The process constructor actor41CSDF constructs an CSDF actor with four input and one output signals. For each firing, the actor behaves accordingly to the scenario (a tuple with the number of consumed tokens, produced tokens and the function) defined in the list of tuples, given as argument, in a cyclic fashion. The length of the list of scenarios gives the actor's cycle period.

actor42CSDF :: [((Int, Int, Int, Int), (Int, Int), [a] -> [b] -> [c] -> [d] -> ([e], [f]))] -> Signal a -> Signal b -> Signal c -> Signal d -> (Signal e, Signal f) Source #

The process constructor actor42CSDF constructs an CSDF actor with four input and two output signals. For each firing, the actor behaves accordingly to the scenario (a tuple with the number of consumed tokens, produced tokens and the function) defined in the list of tuples, given as argument, in a cyclic fashion. The length of the list of scenarios gives the actor's cycle period.

actor43CSDF :: [((Int, Int, Int, Int), (Int, Int, Int), [a] -> [b] -> [c] -> [d] -> ([e], [f], [g]))] -> Signal a -> Signal b -> Signal c -> Signal d -> (Signal e, Signal f, Signal g) Source #

The process constructor actor43CSDF constructs an CSDF actor with four input and three output signals. For each firing, the actor behaves accordingly to the scenario (a tuple with the number of consumed tokens, produced tokens and the function) defined in the list of tuples, given as argument, in a cyclic fashion. The length of the list of scenarios gives the actor's cycle period.
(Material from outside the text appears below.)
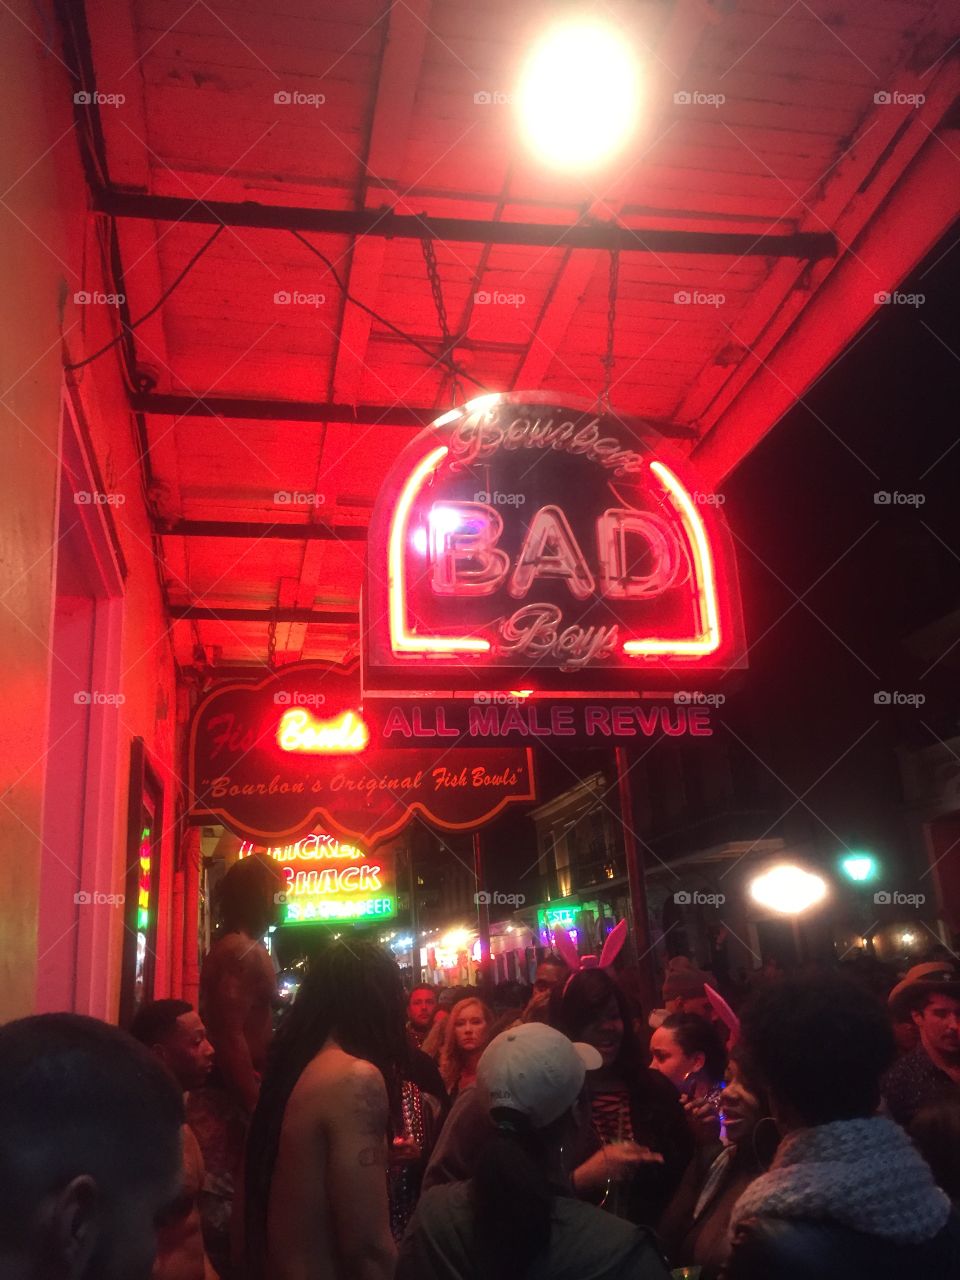 Neon sign in New Orleans

actor44CSDF :: [((Int, Int, Int, Int), (Int, Int, Int, Int), [a] -> [b] -> [c] -> [d] -> ([e], [f], [g], [h]))] -> Signal a -> Signal b -> Signal c -> Signal d -> (Signal e, Signal f, Signal g, Signal h) Source #

The process constructor actor44CSDF constructs an CSDF actor with four input and four output signals. For each firing, the actor behaves accordingly to the scenario (a tuple with the number of consumed tokens, produced tokens and the function) defined in the list of tuples, given as argument, in a cyclic fashion. The length of the list of scenarios gives the actor's cycle period.